Instructions for the task: The required answer is the run of lines from the one holding "Saxophone Lessons Braddock, PA" to the end of the data below, copied exactly and free of pictures.

Data block:
──────

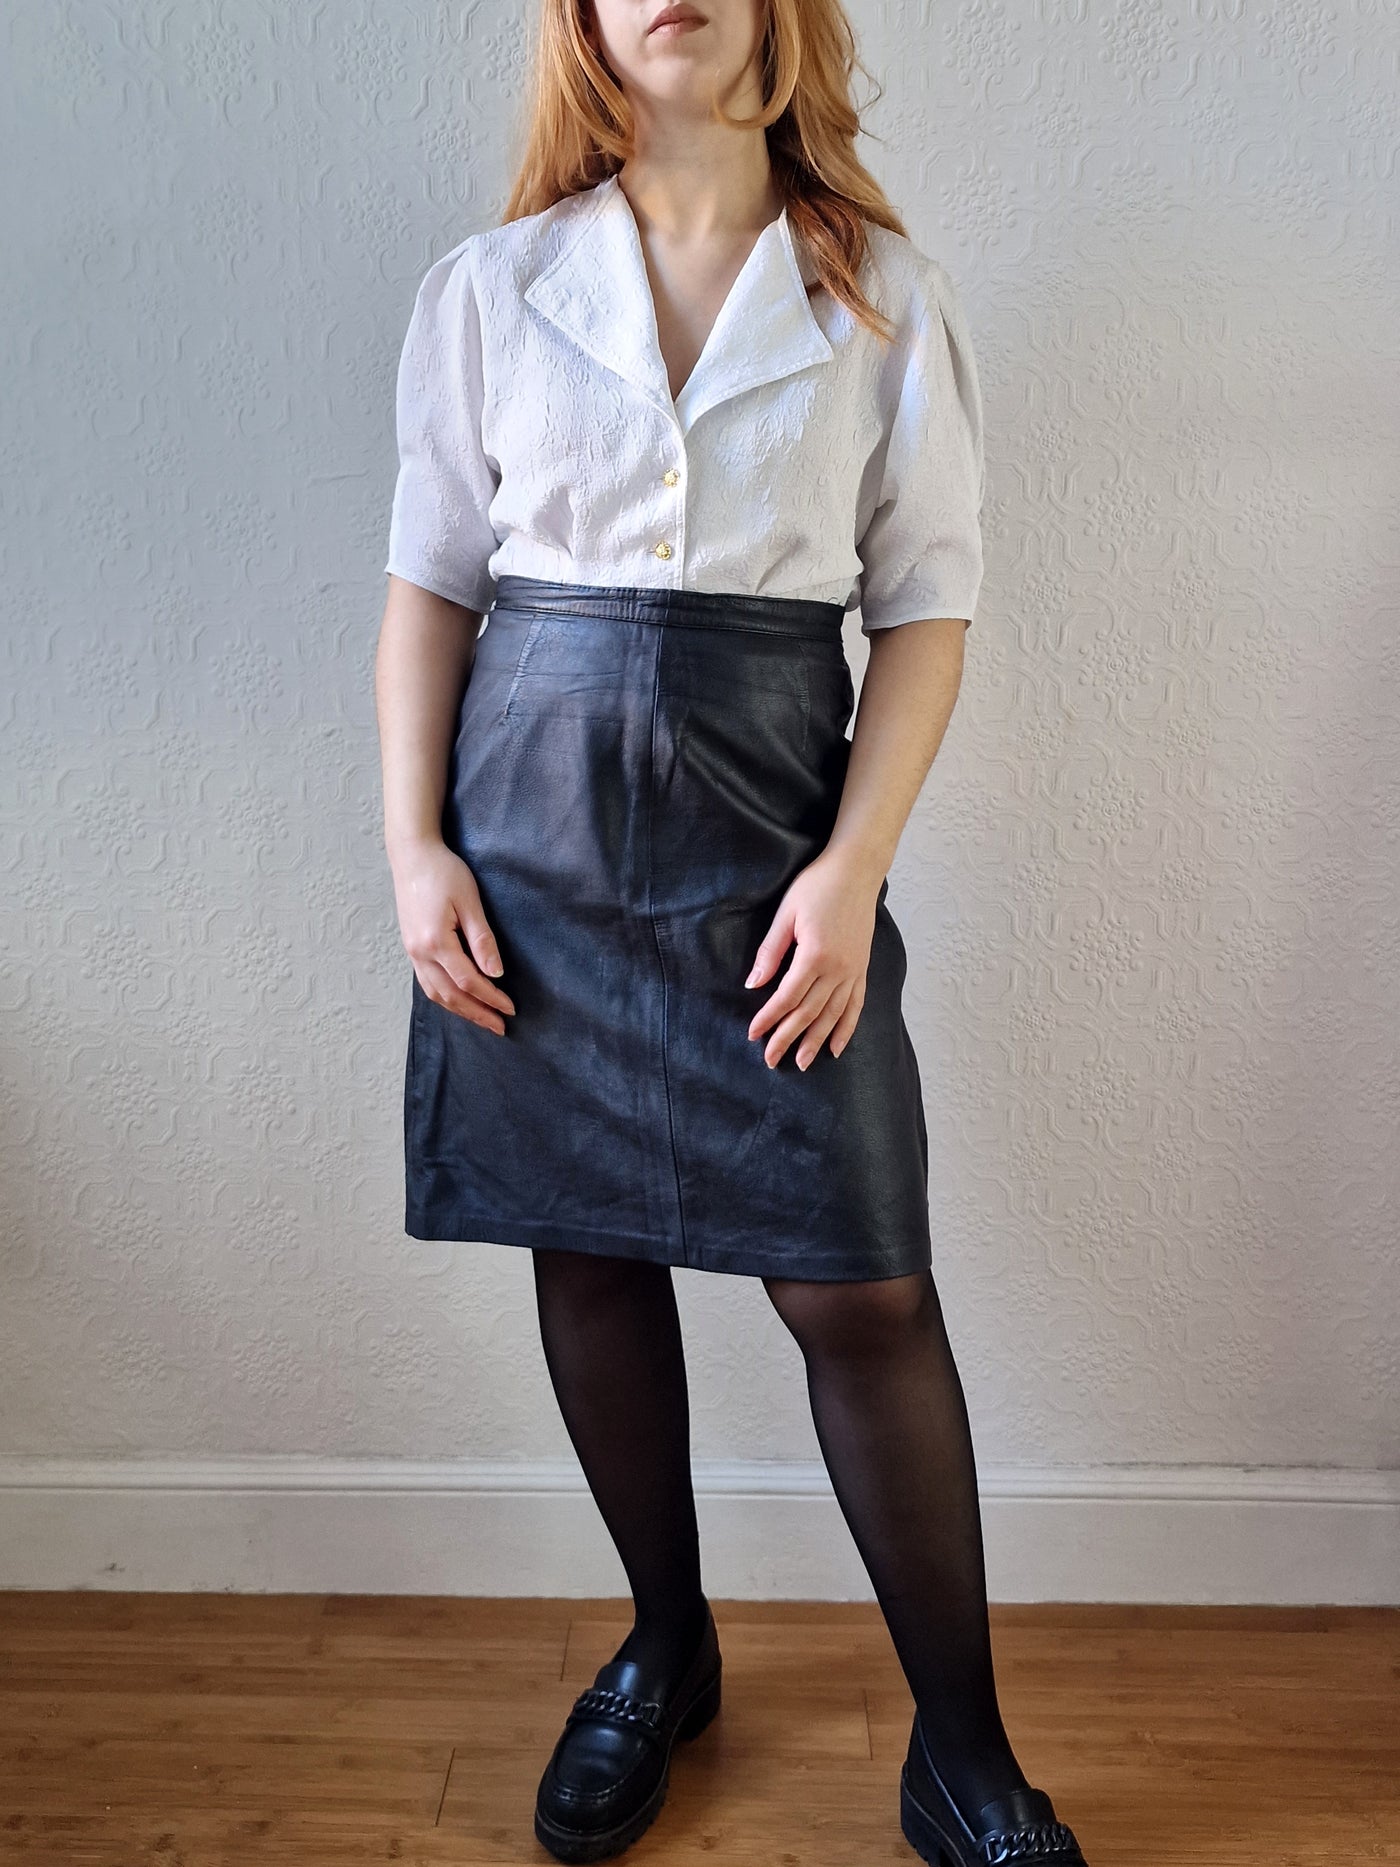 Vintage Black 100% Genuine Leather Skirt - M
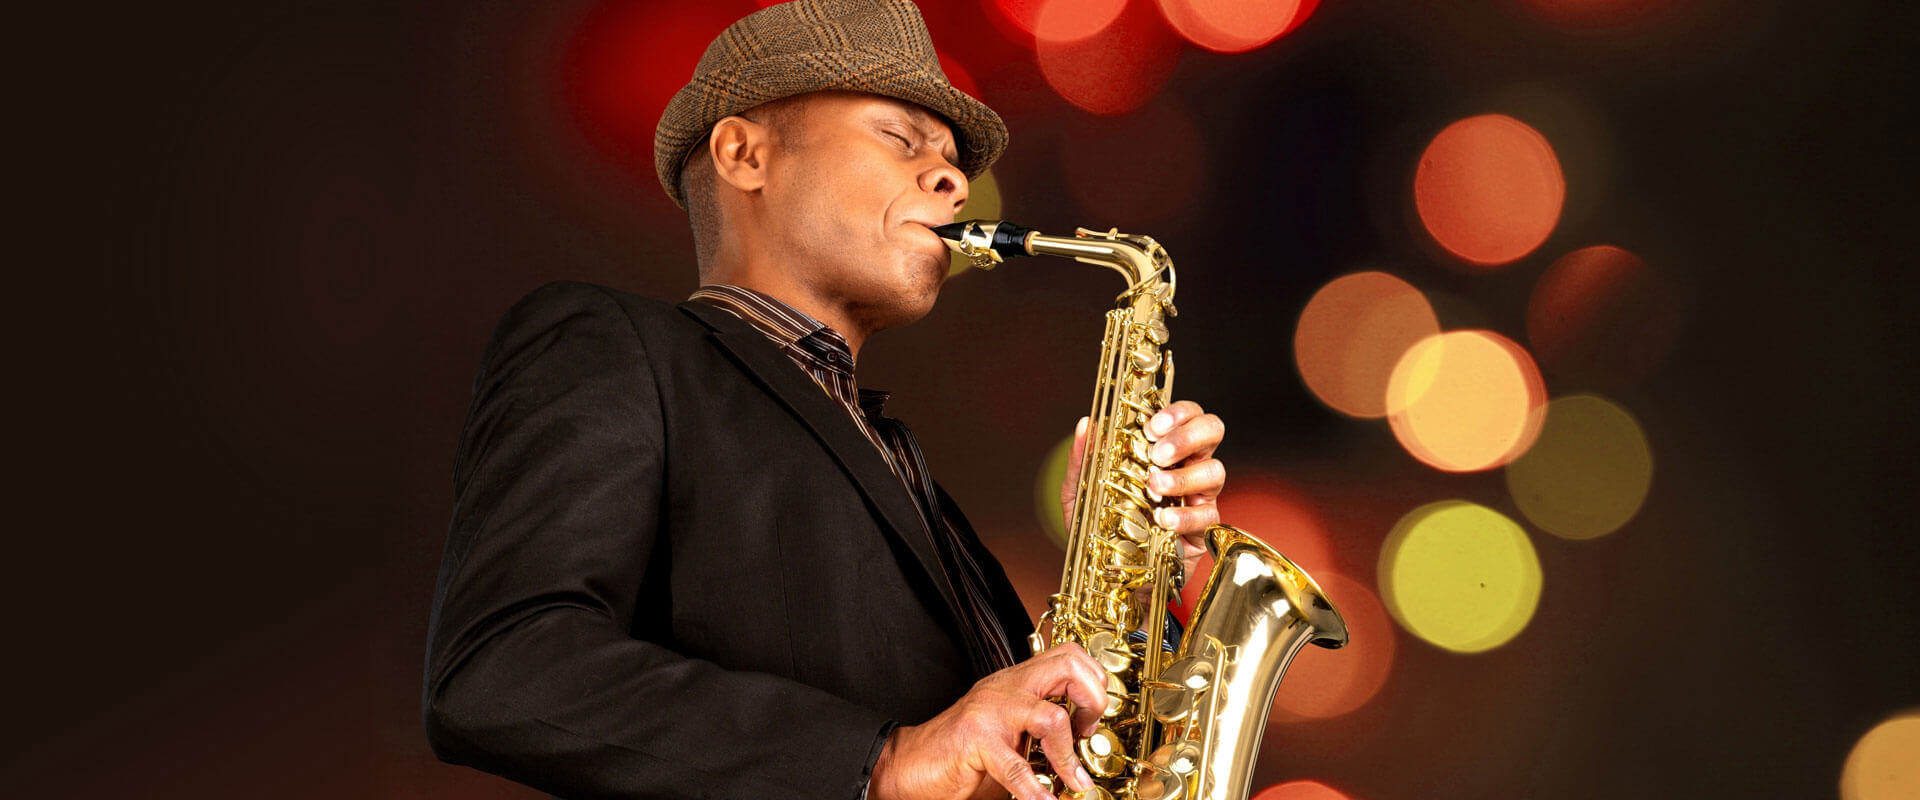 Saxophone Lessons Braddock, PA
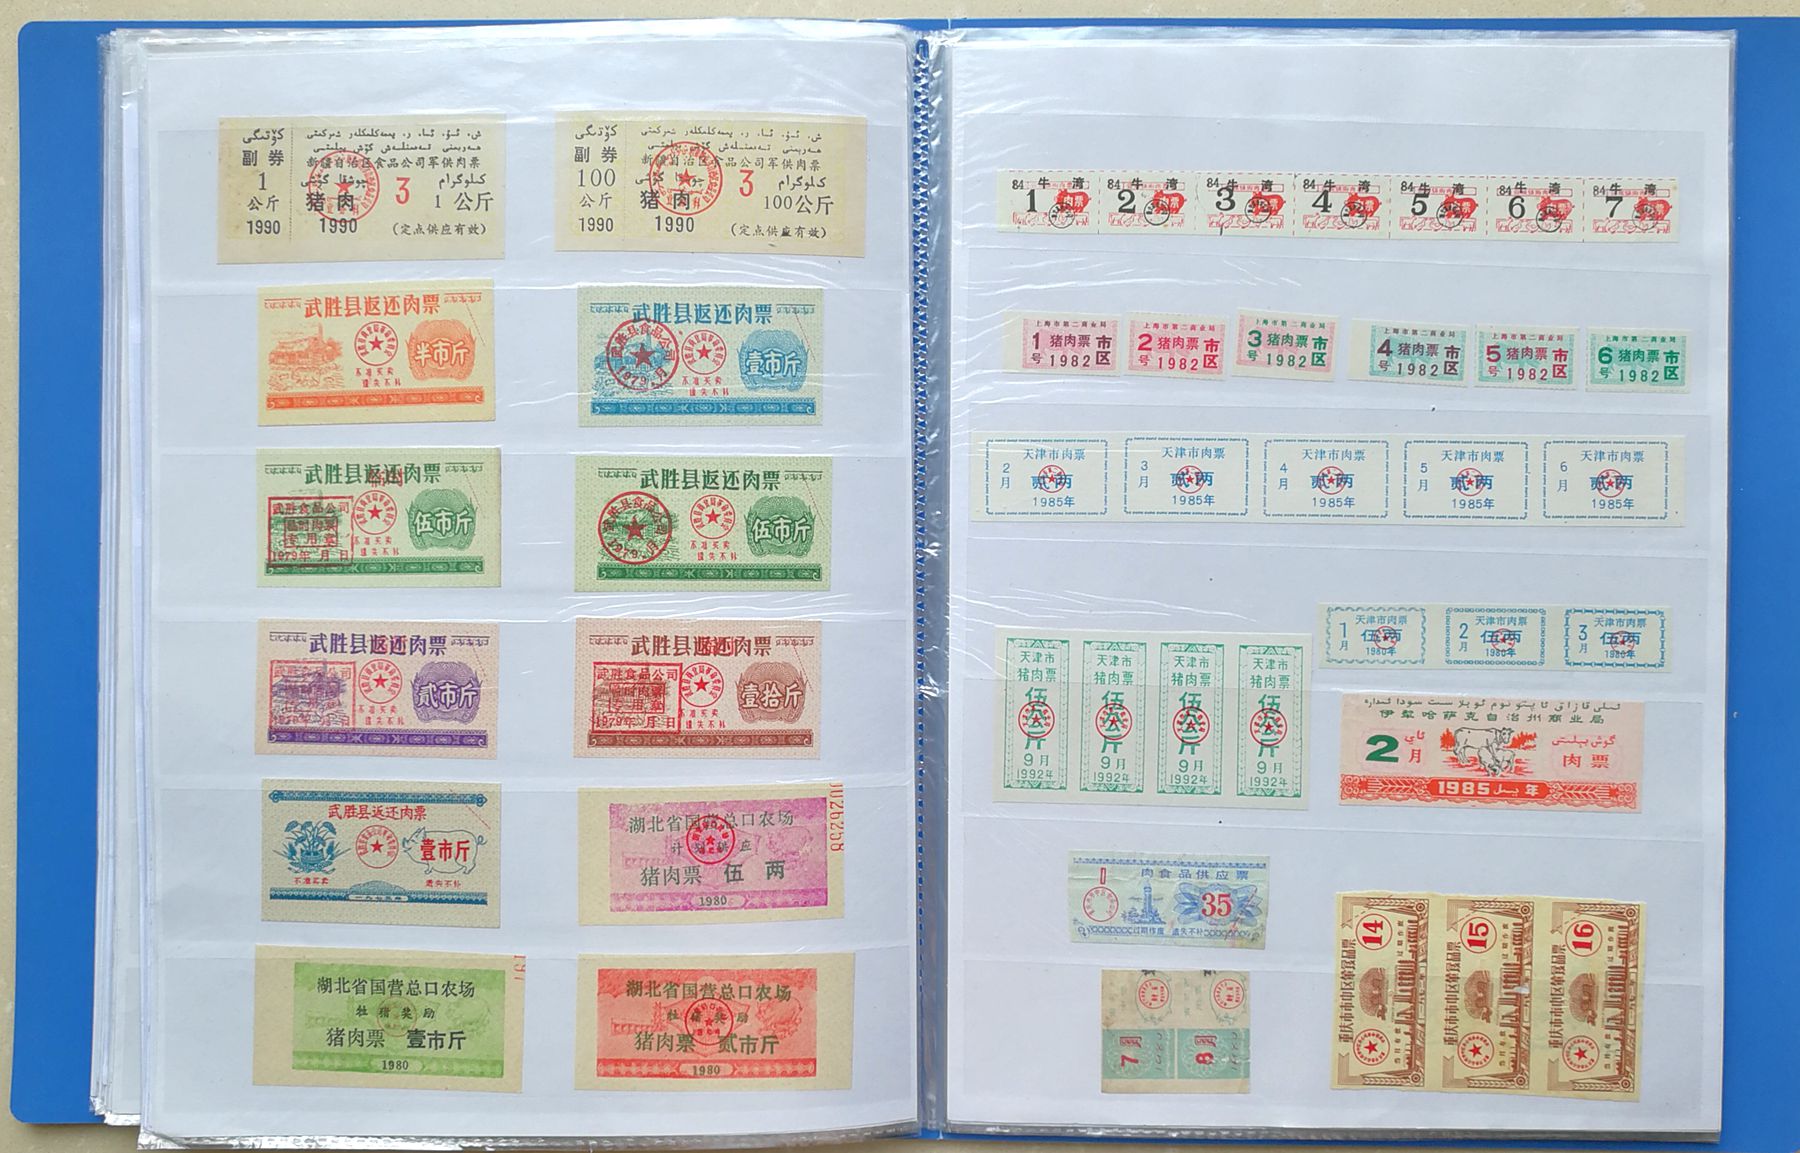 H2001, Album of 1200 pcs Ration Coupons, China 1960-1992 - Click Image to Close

──────

Finished exercise:
 Saxophone Lessons Braddock, PA
 H2001, Album of 1200 pcs Ration Coupons, China 1960-1992 - Click Image to Close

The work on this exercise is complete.